=== The data ===

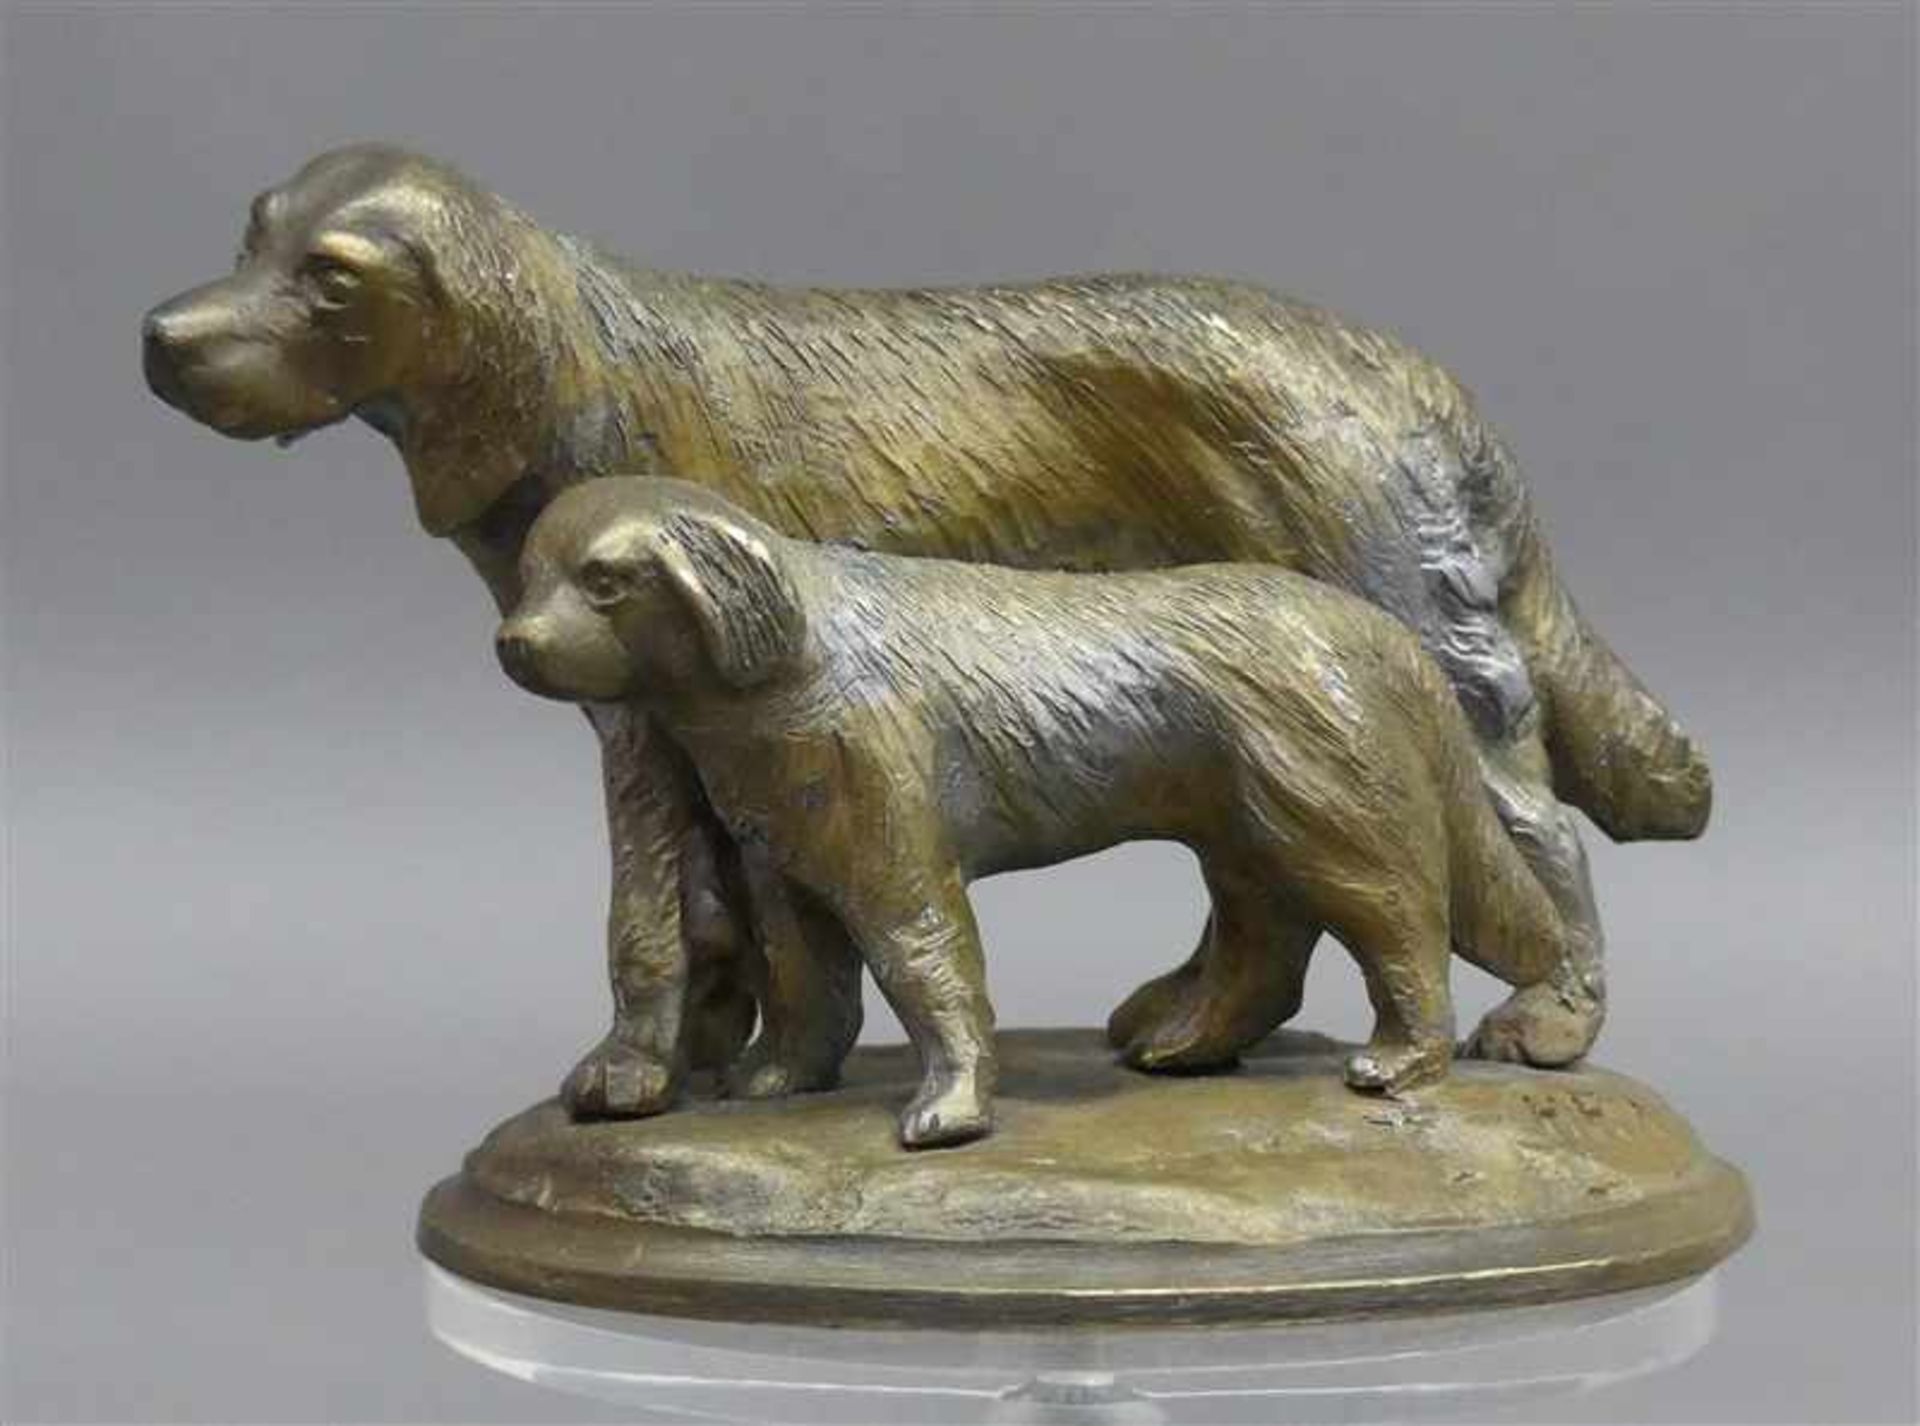 Metallskulptur Zinn, bronziert, "Hundepaar", auf Sockel, signiert, HAX, h 9 cm,- - -20.00 % buyer'
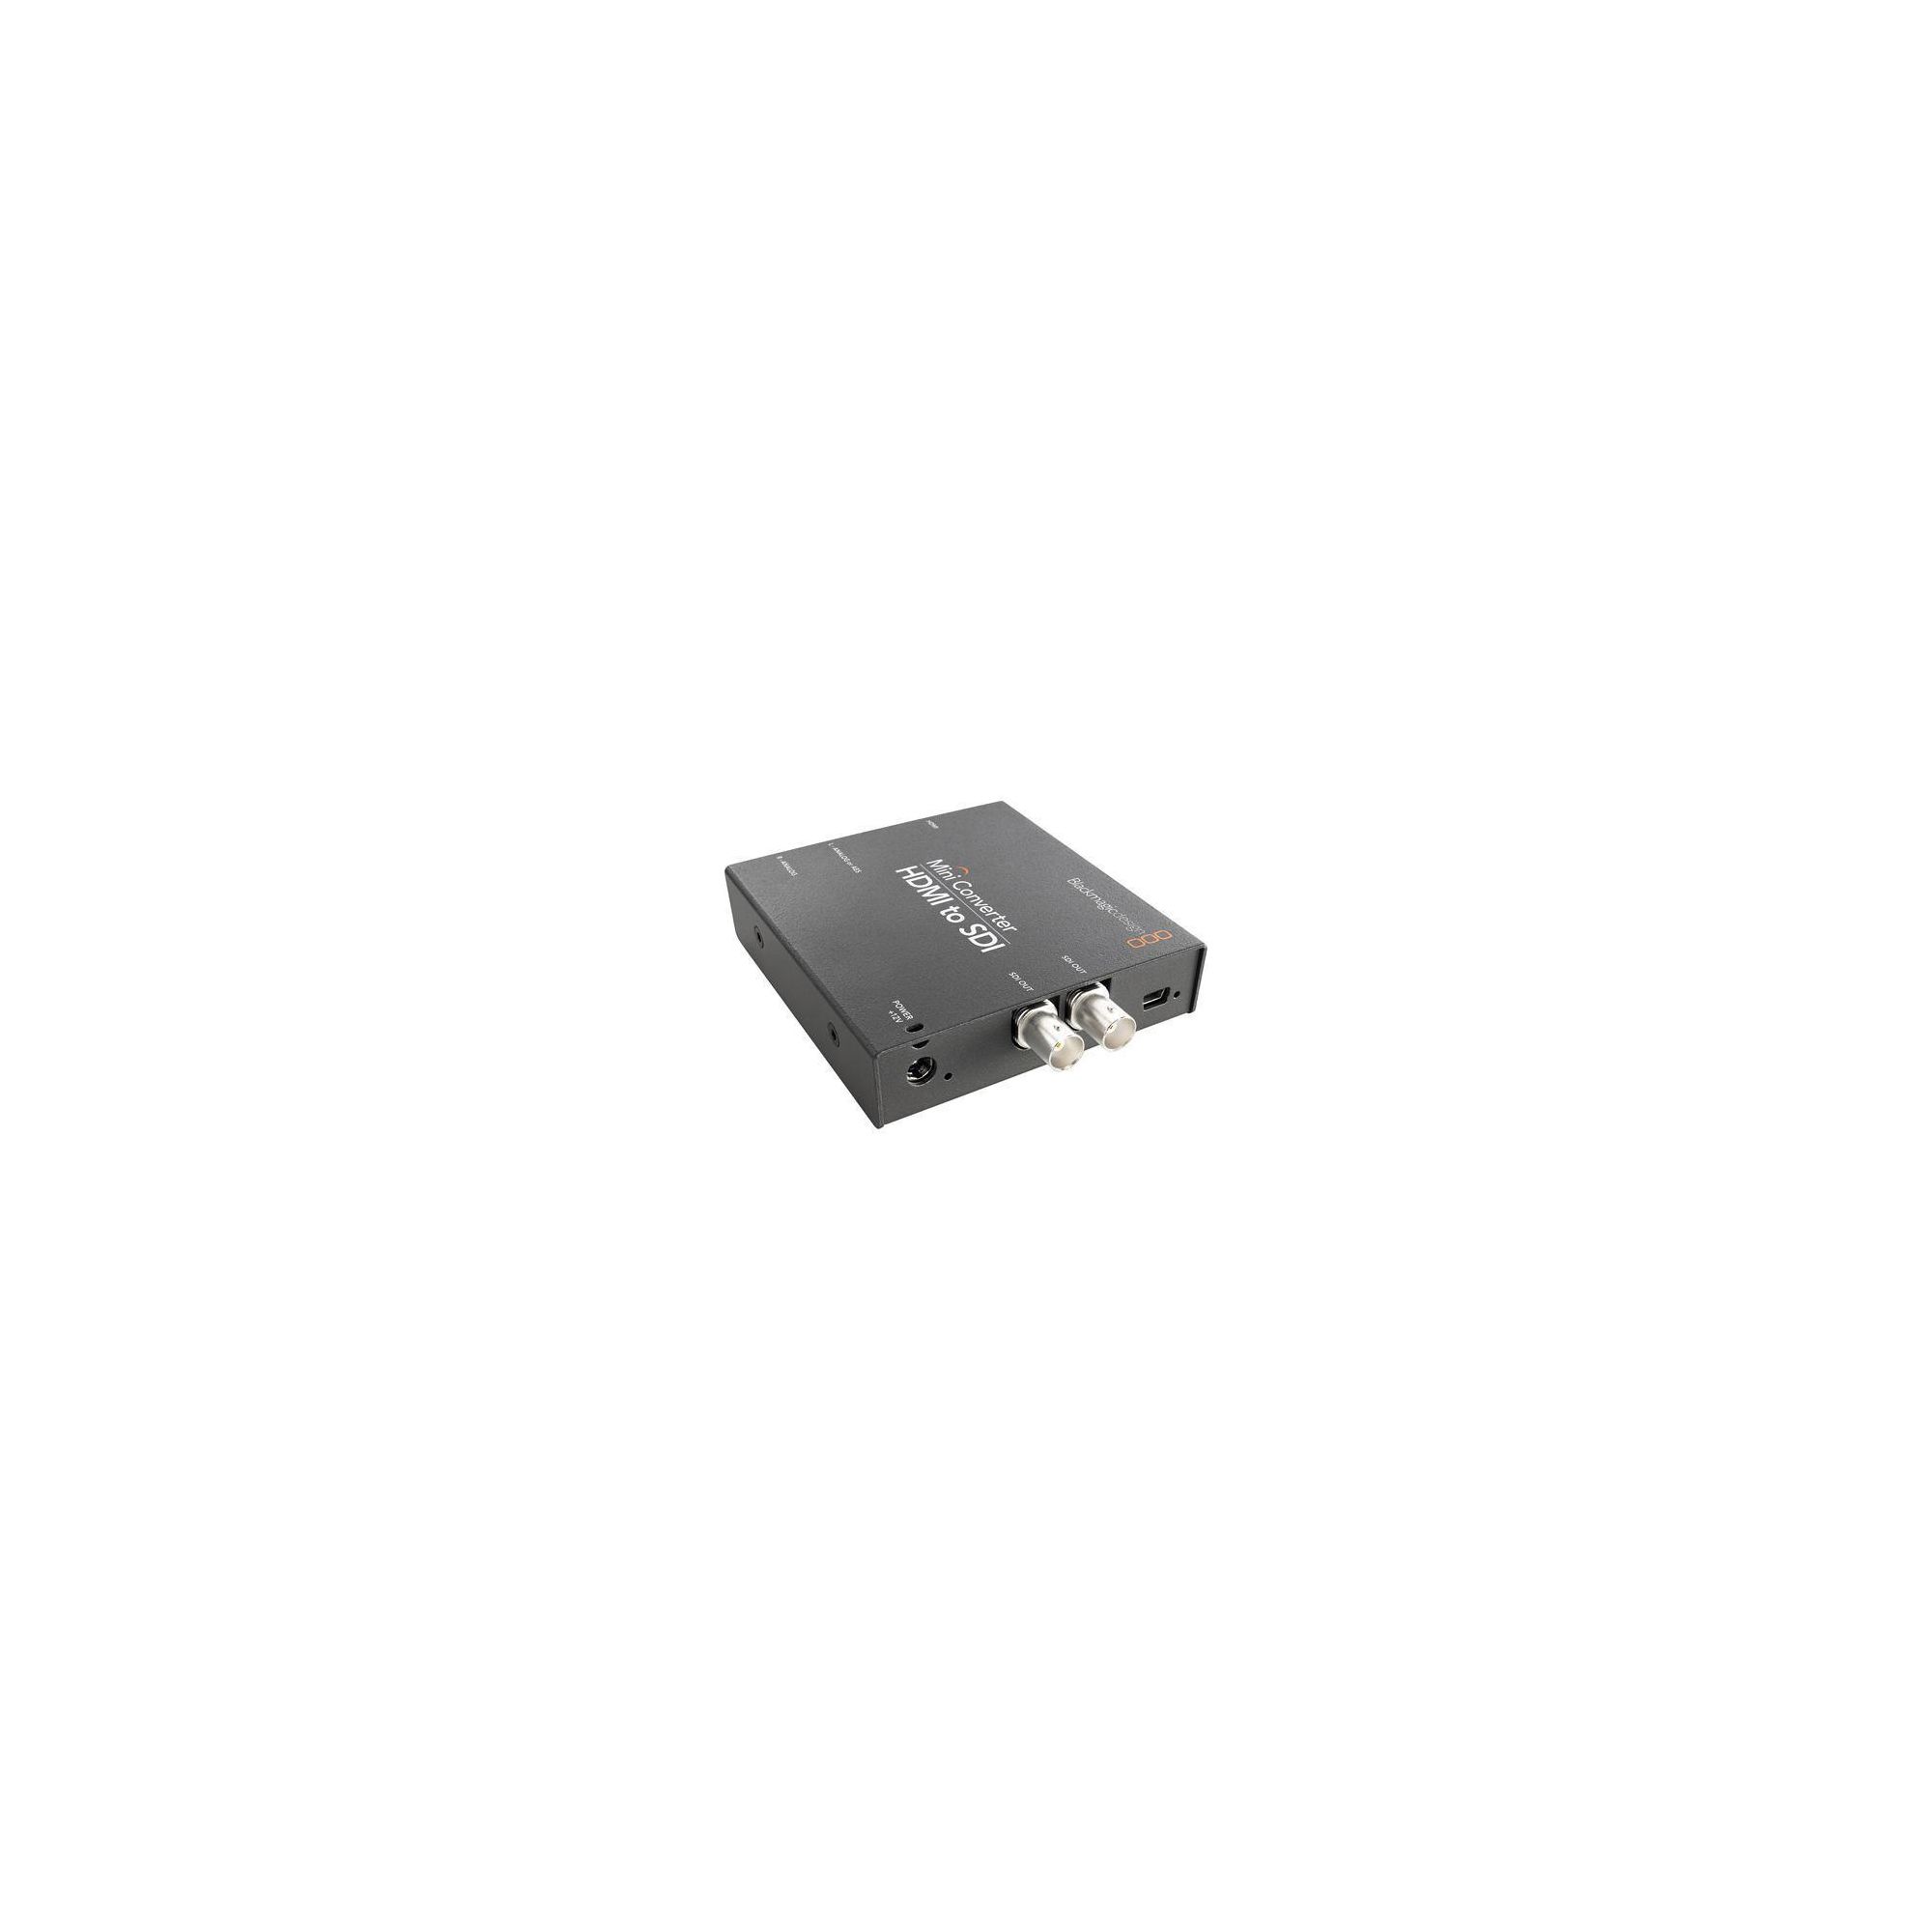 MINI CONVERTOR HDMI TO SDI at Tesco Direct
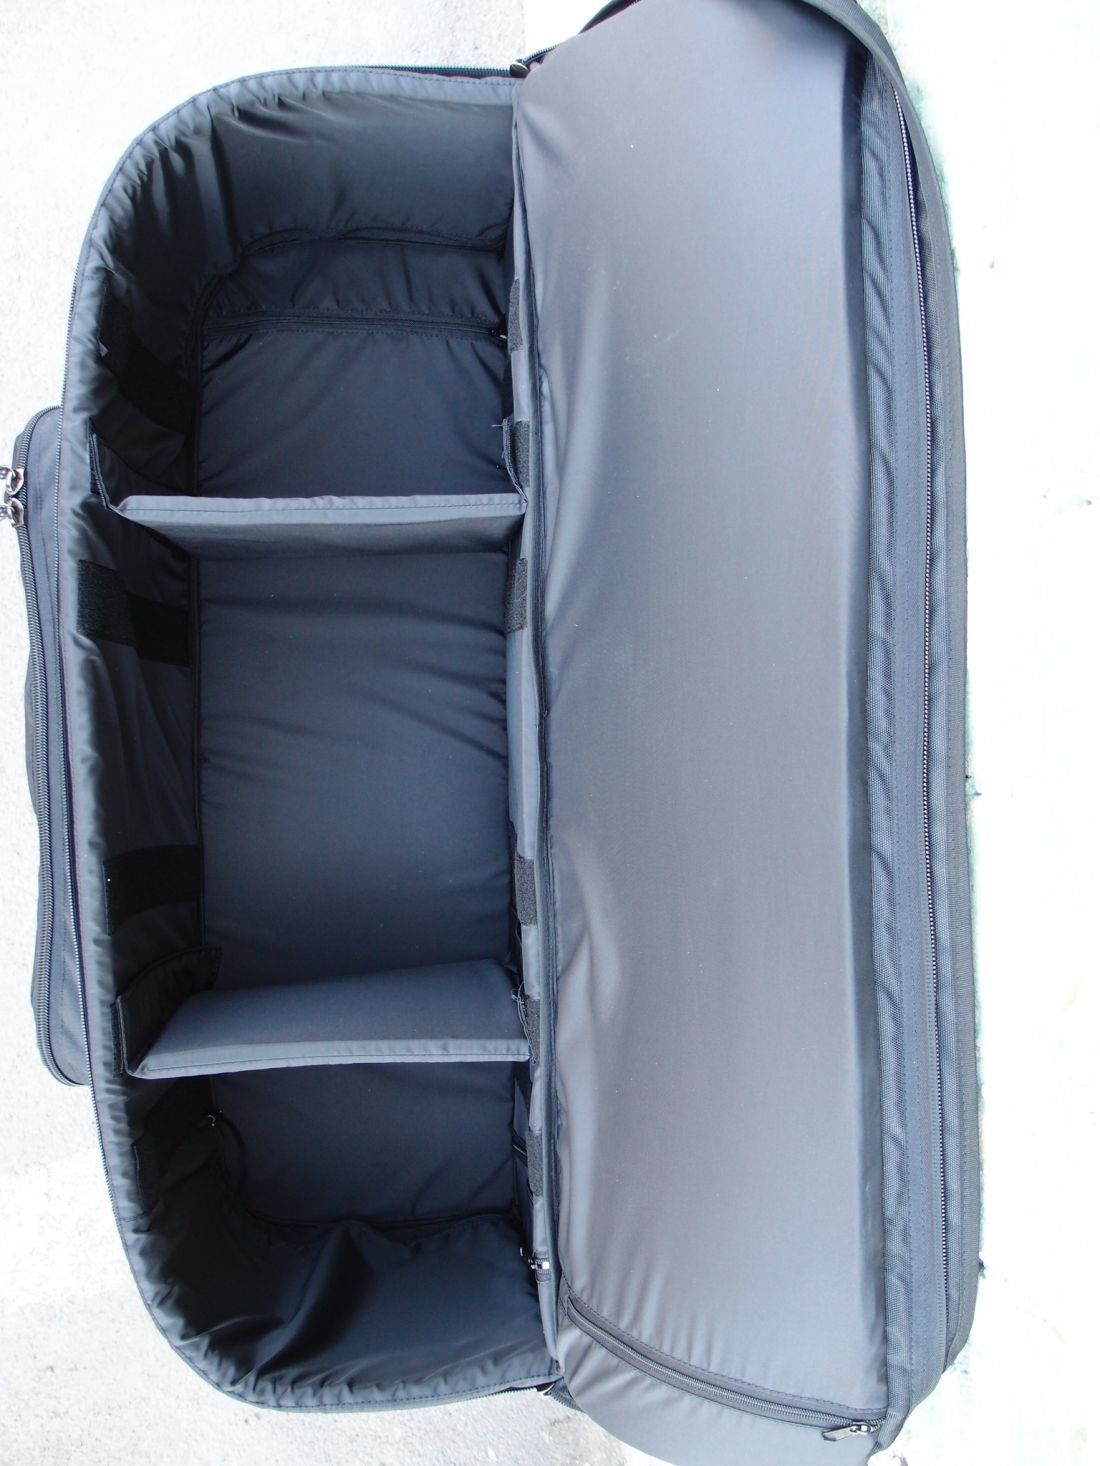 Baseg Компактный кофр сумка на багажник задний Baseg Yamaha Grizzli 700 ( )
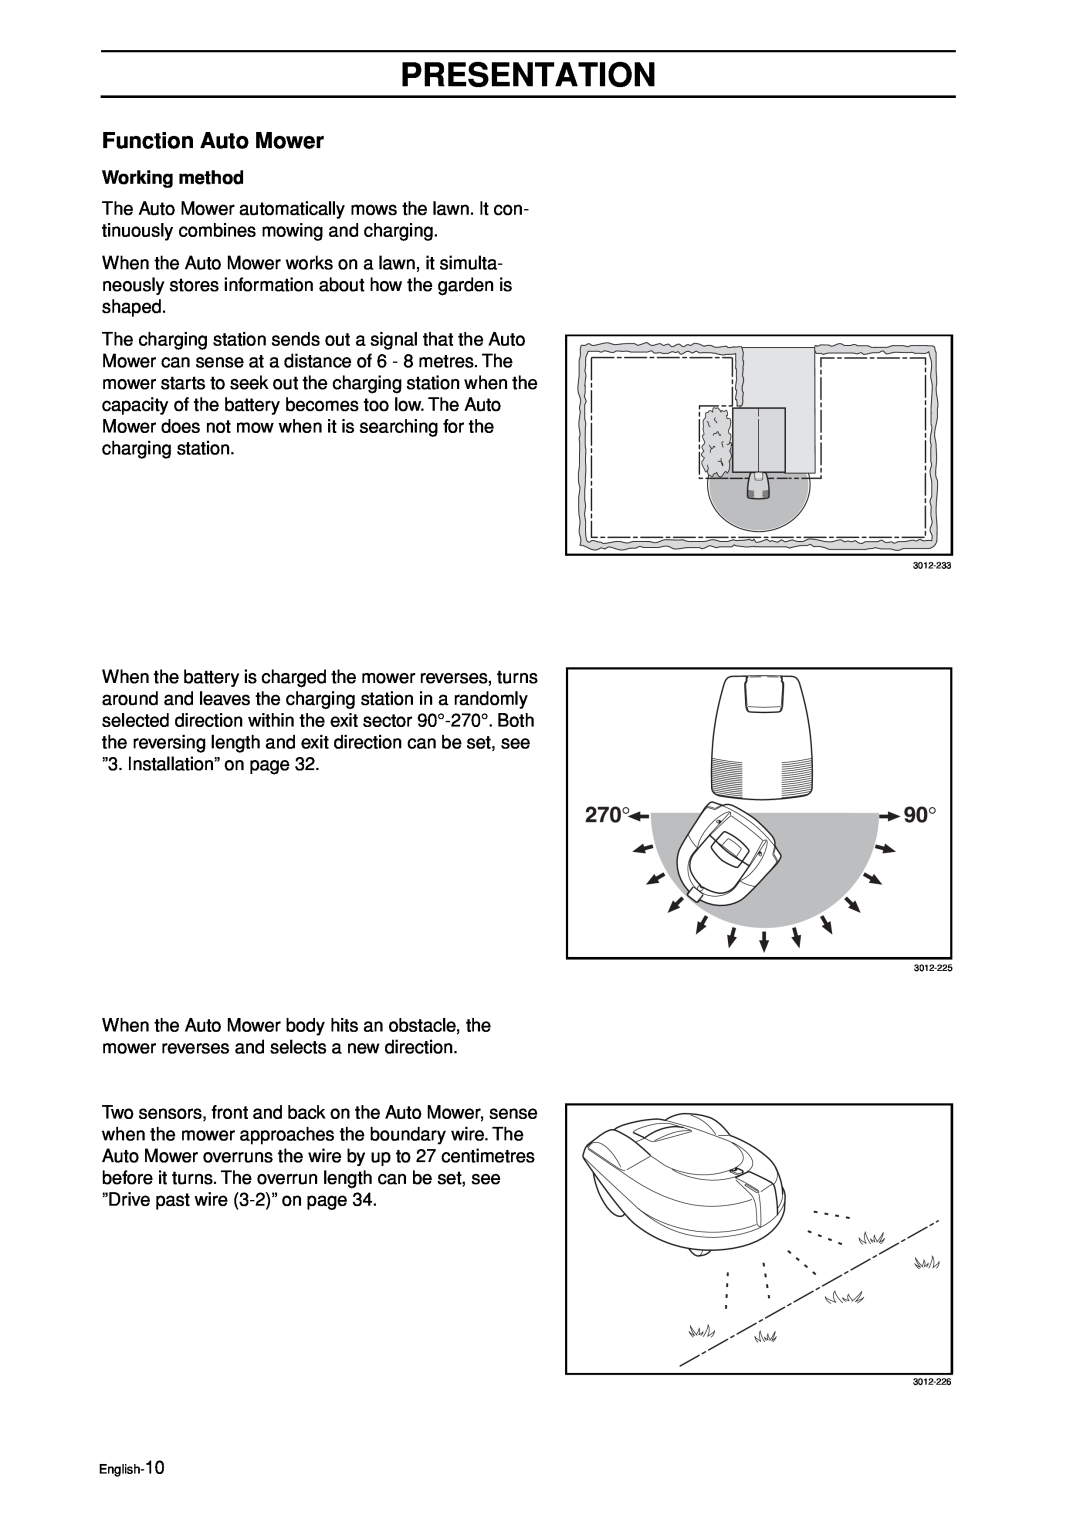 Husqvarna manual Function Auto Mower, Presentation, Working method

===

Problem details: From the line that contains "MINI CONVERTOR HDMI TO SDI at Tesco Direct" down to the last line of the material above, every line must be repeated exactly, with pictures removed and both end lines included.

Answer to this exercise:
 MINI CONVERTOR HDMI TO SDI at Tesco Direct
 Baseg Компактный кофр сумка на багажник задний Baseg Yamaha Grizzli 700 ( )
 Husqvarna manual Function Auto Mower, Presentation, Working method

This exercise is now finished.